A U.S. District Court has denied the Republic of Argentina’s motion to vacate a $185 million dollar arbitration award in favor of a British investor in Argentinean gas distribution. The award was made in an arbitration under the United Nations Commission on International Trade Law Rules, as provided in the Argentina-United Kingdom bilateral investment treaty.

As an initial matter, the court determined that it had proper subject matter jurisdiction over the matter under Chapter 2 of the FAA, also known as the Convention On The Recognition And Enforcement Of Foreign Arbitral Awards.

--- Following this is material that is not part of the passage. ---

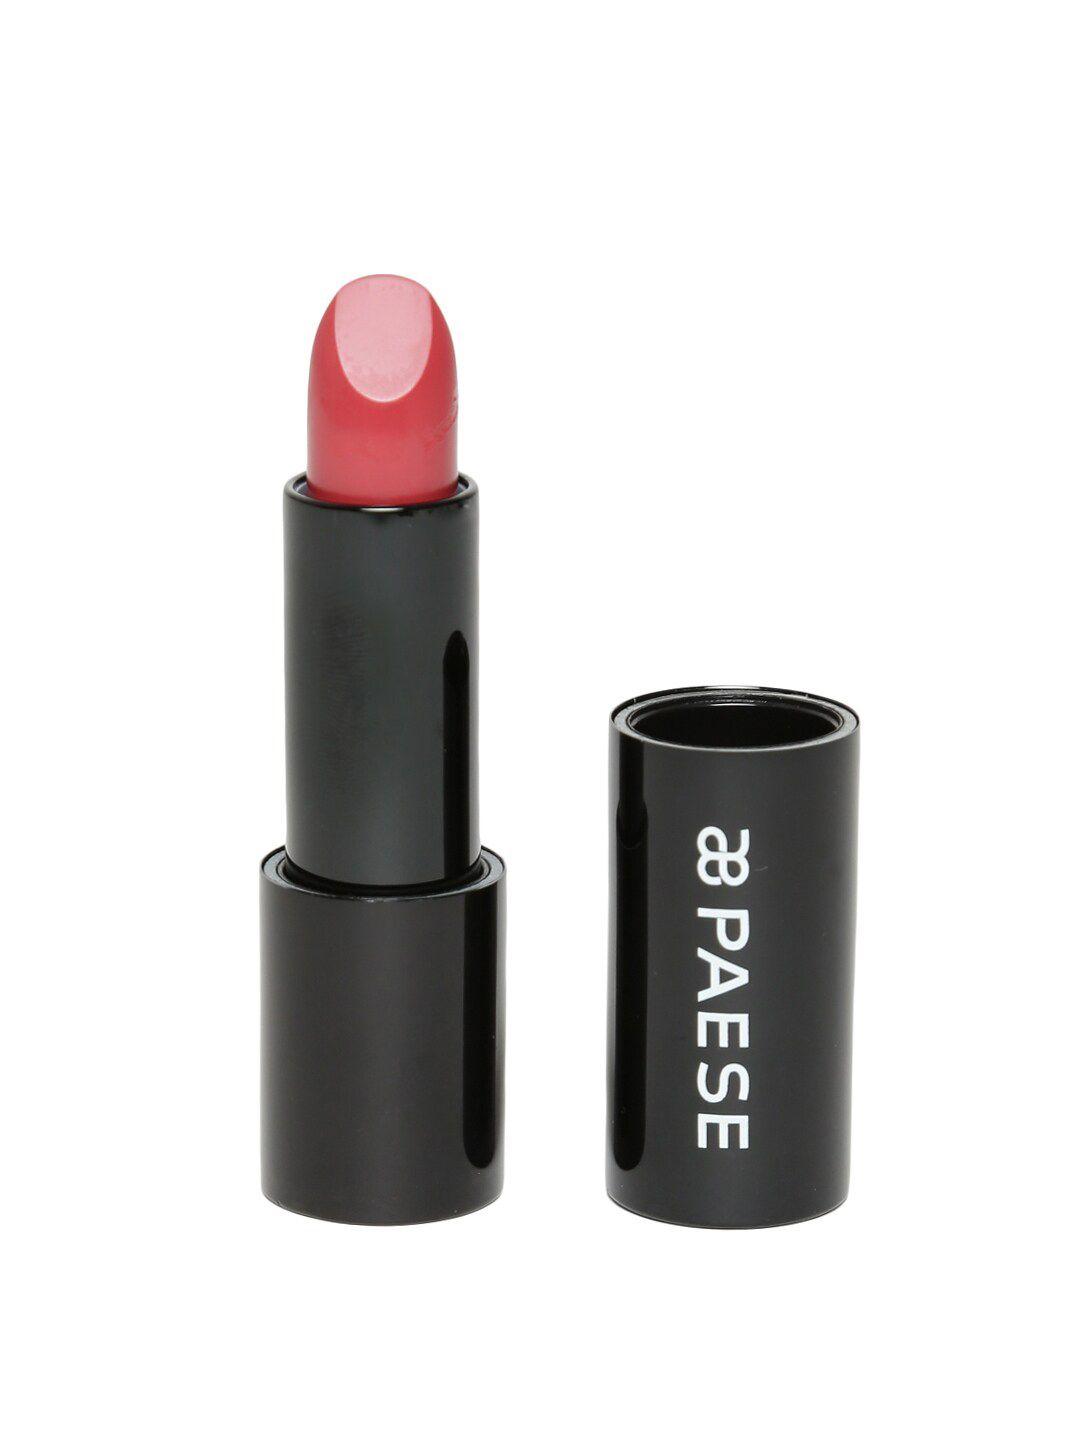 paese cosmetics lipstick with argan oil- 25

Specifically, the court rejected Argentina’s arguments based on the Convention’s reciprocity clause, finding that an award made in the U.S. between a U.K. investor and a foreign state fell within the New York Convention as an award “not considered as domestic.” The court then rejected each of Argentina’s merits-based arguments, finding that the Court of International Arbitration did not exceed its powers in rejecting a challenge to one of the arbitrators based on bias, that the panel’s decisions were based on plausible constructions of the bilateral investment treaty, and that the panel did not otherwise abuse its powers. Republic of Argentina v. BG Group PLC, Case No. 08-485 (USDC D.D.C. June 7, 2010).